Second, the role of water and irrigation in degrading soils through soil salinisation has long been recognised.

Mainstream scientists’ approach to addressing this involves civil engineering techniques such as flushing soils and building drains. In contrast, organic farmers recommended studying what types of vegetation were able to thrive on salinised soils and focusing on using them to create incomes.

The dichotomy between the “fix vs. adapt” approaches was interesting to us as we begin to explore how to intervene in salinity-affected agricultural lands in Raichur through the AREST program.

Third, there was a clear difference between how the regenerative/ organic farmers vs. the agricultural scientists described water requirements.

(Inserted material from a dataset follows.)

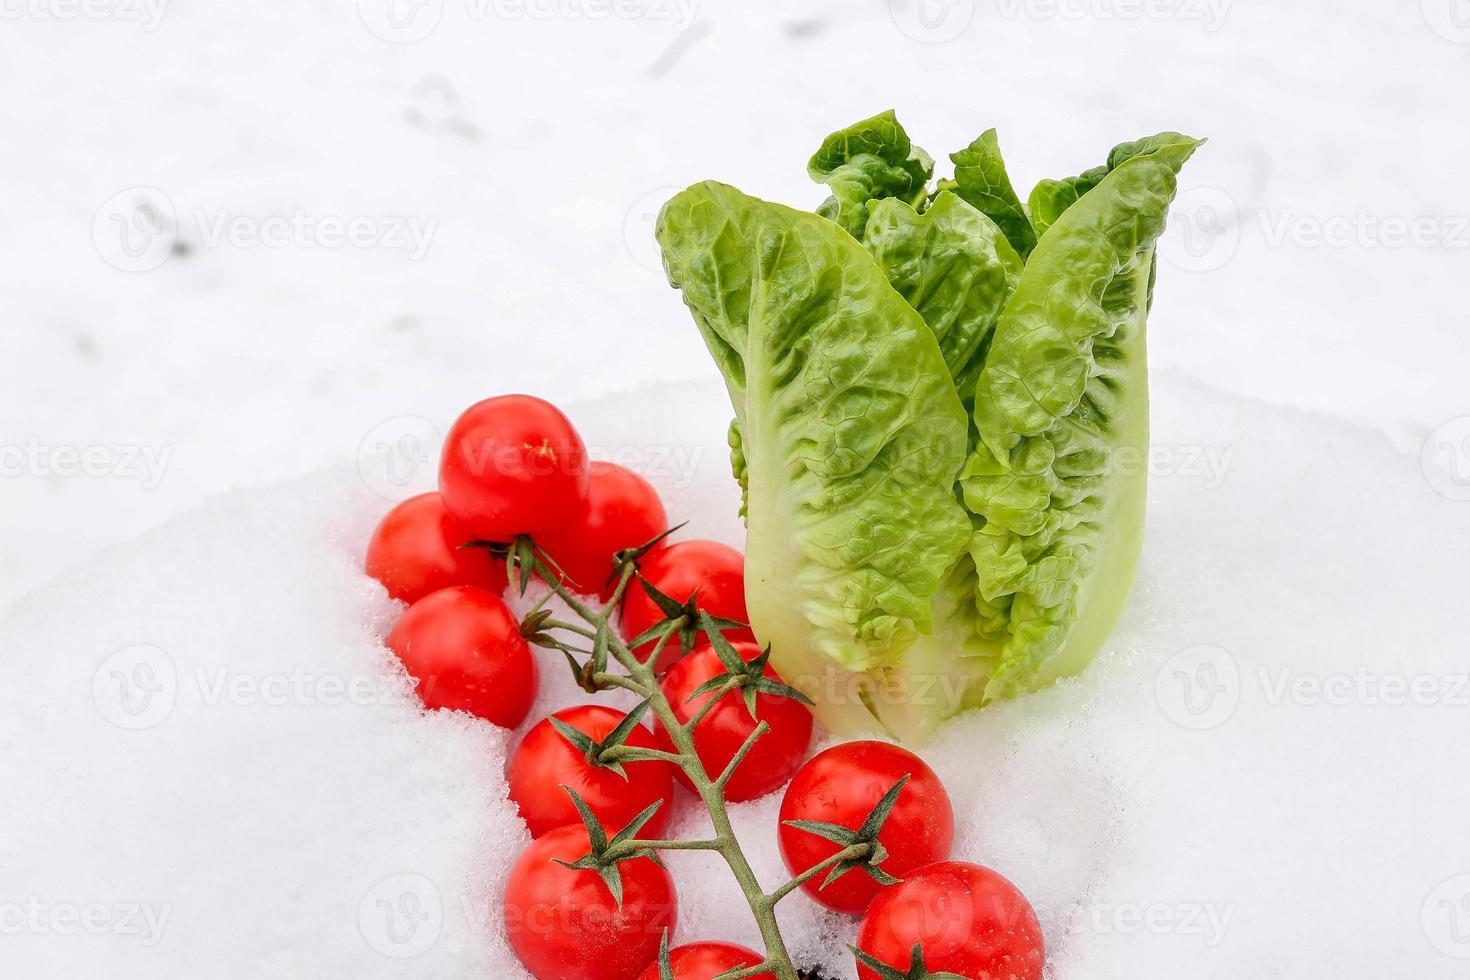 Winter vegetables photo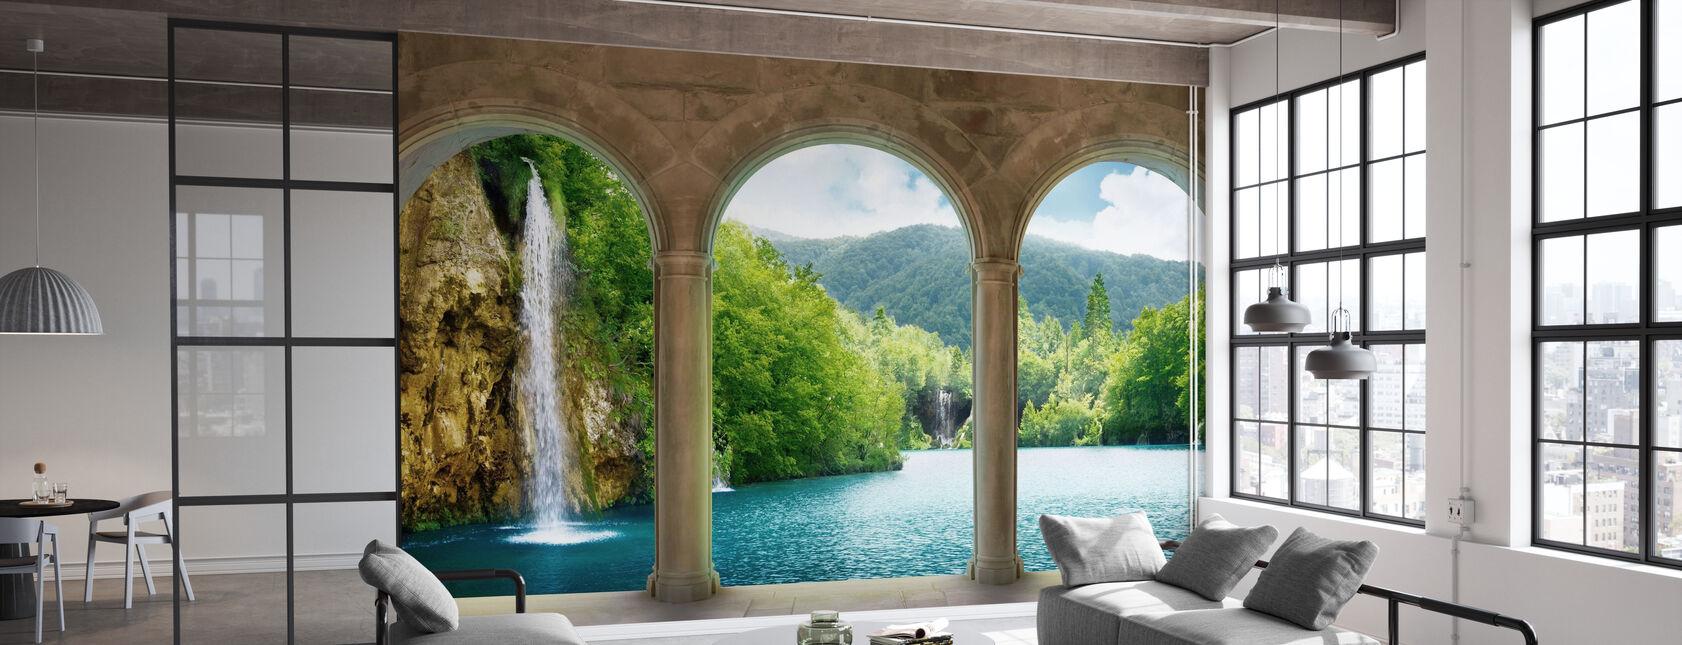 Waterfall behind Vault - Wallpaper - Office

The organic farmers were interested in sustaining soil moisture — therefore a lot of their focus was on mulching and preventing bare soil evaporation. In contrast, the agricultural engineers were focused on irrigation both to compensate for soil moisture deficits and to flush out excessive nutrients. It was not clear to us how much current irrigation practice is primarily to flush soils. Overall, even as soil microbiomes and their role in agricultural productivity in regenerative agriculture are just beginning to be investigated scientifically, the implications for irrigation water use emerges as a major gap in understanding.

Finally, there was agreement that soil organic carbon is a useful (though imperfect) proxy for the state of the soil biota and it is something that IS measured nationwide.

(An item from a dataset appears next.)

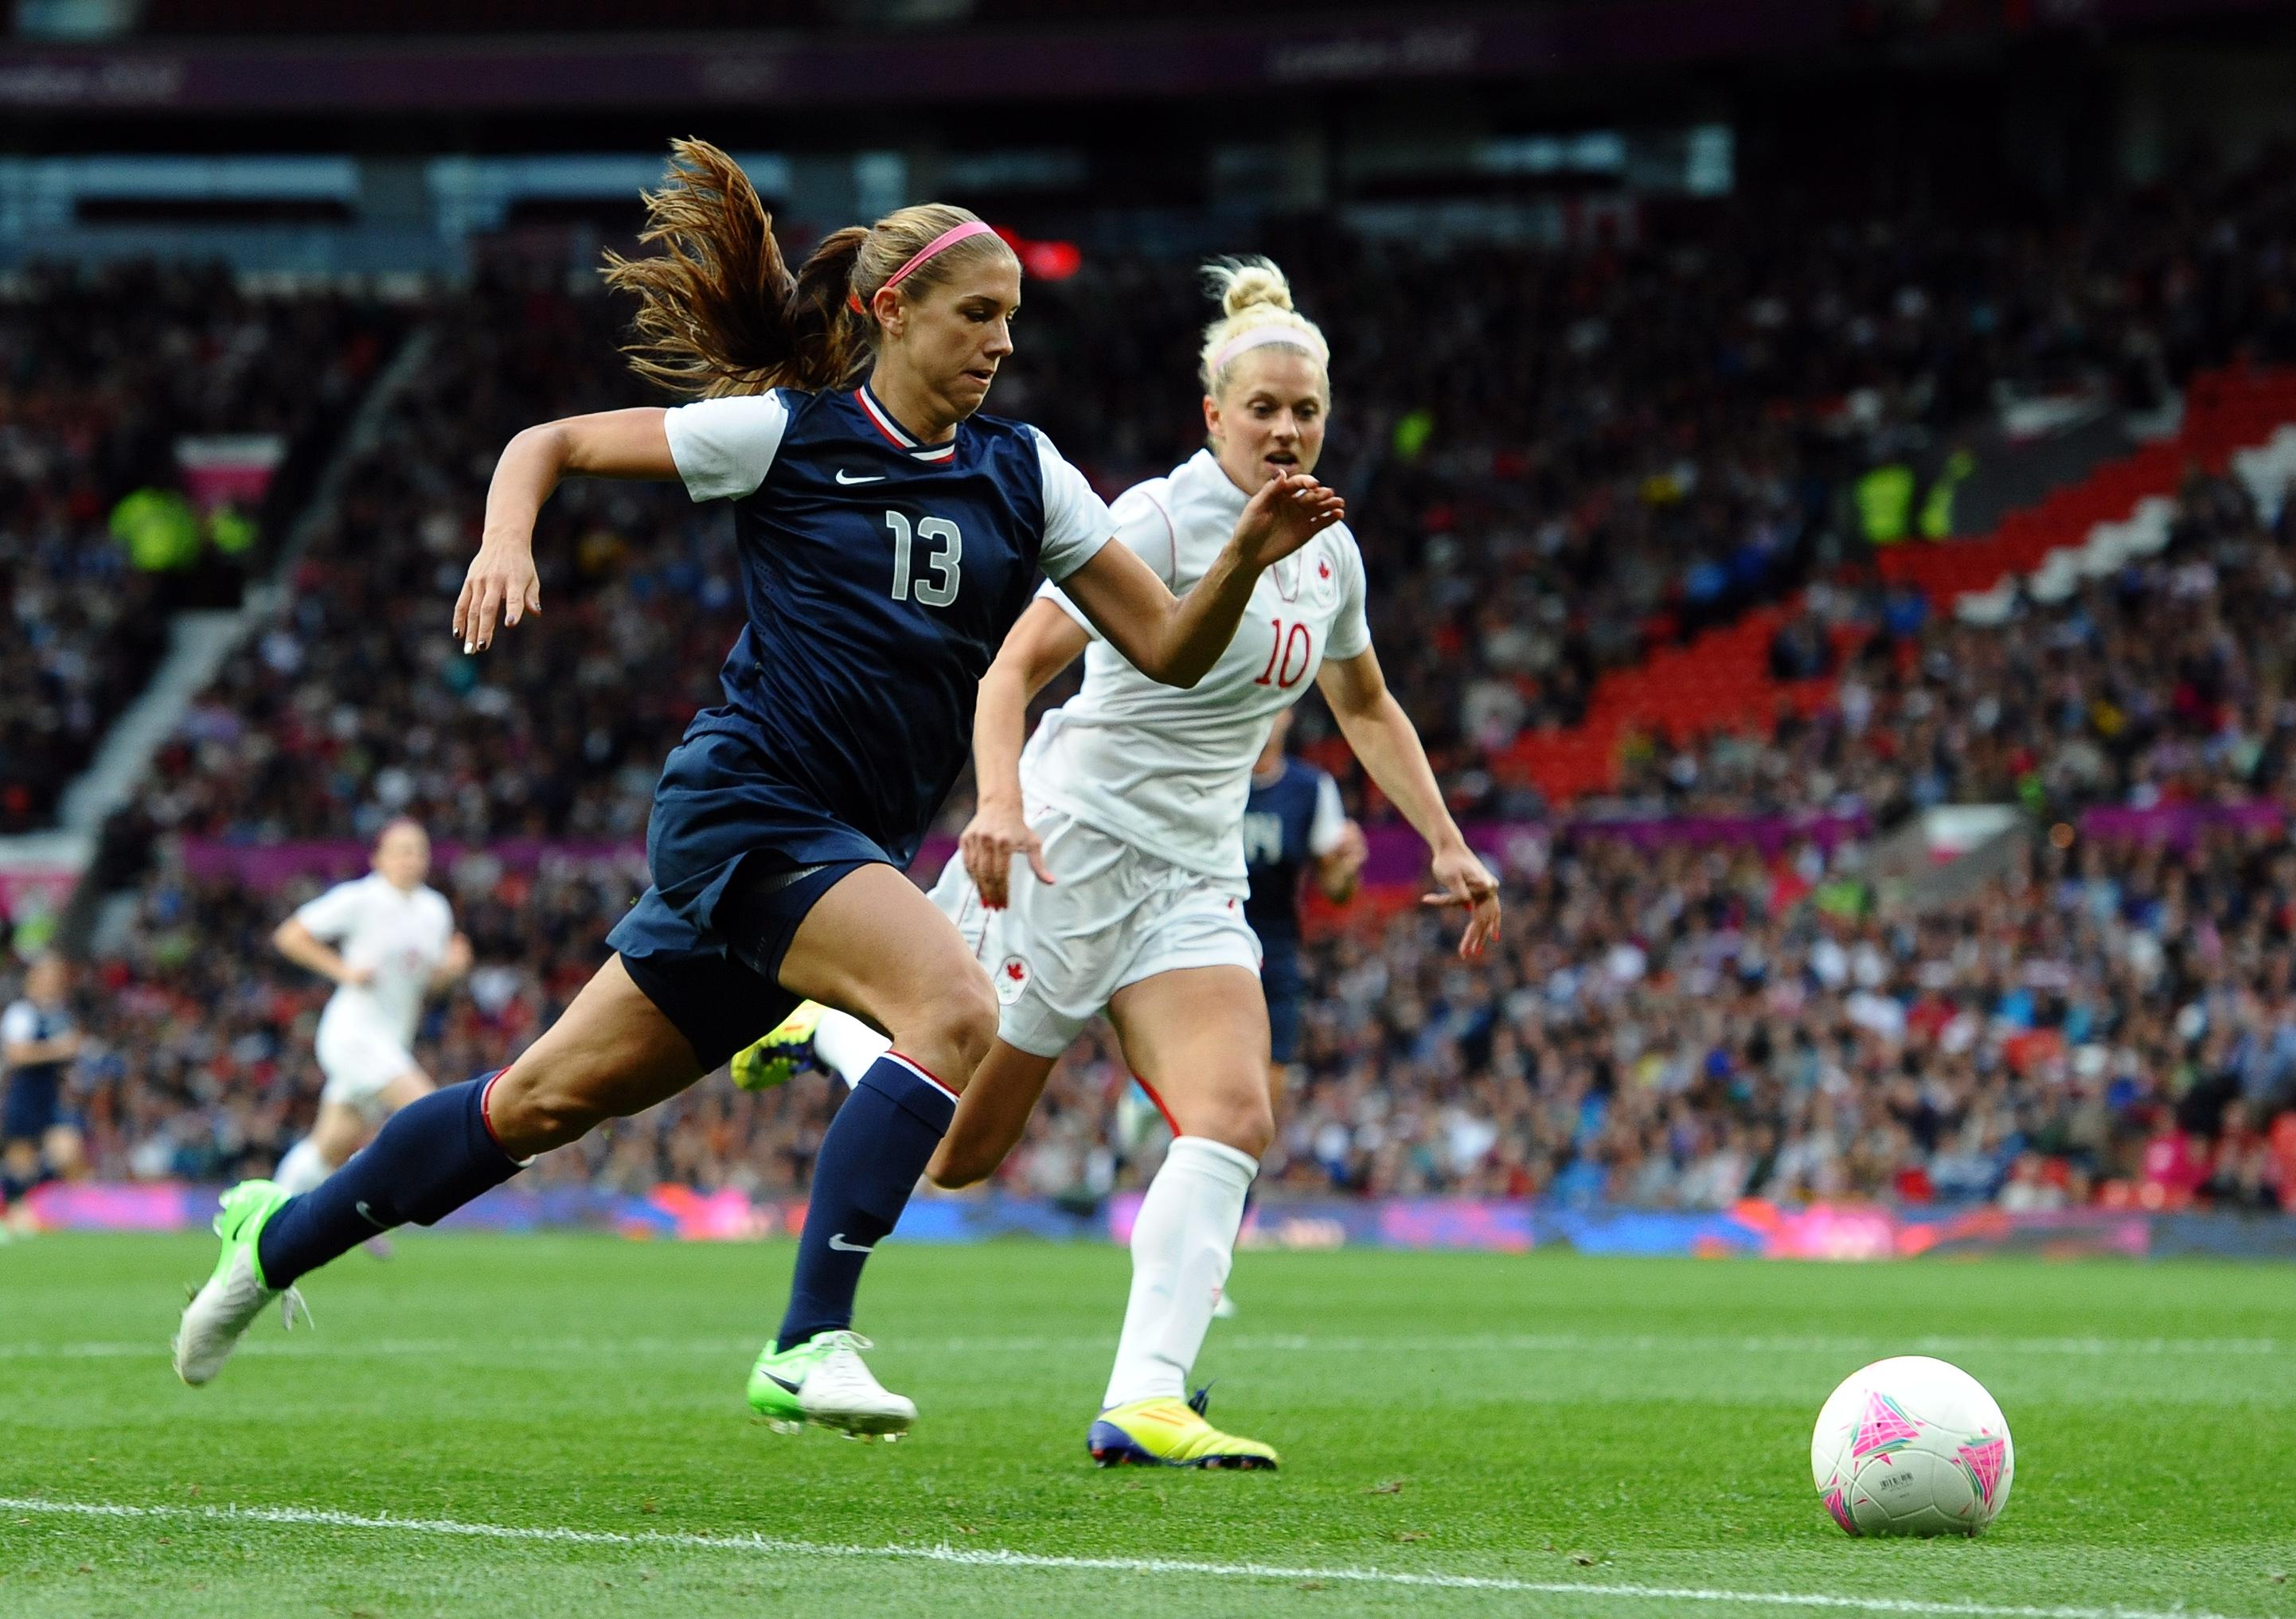 Usa Soccer Wallpapers: USA Women's Soccer Wallpapers

Soil health cards are available at the plot level for the whole country. There is thus a huge opportunity to synthesise and make available the existing data so that it becomes more accessible to researchers and practitioners alike.

Next Steps

The objective of the workshop was to develop a framework for what a farmer-led soil biodiversity atlas might look like — what low-cost techniques are valid, which parameters to prioritise etc. To achieve this, Soil Vasu and others had prepared an initial survey questionnaire. The next step is a follow-up meeting to get a wide range of soil experts to validate it. This meeting is planned to take place in June.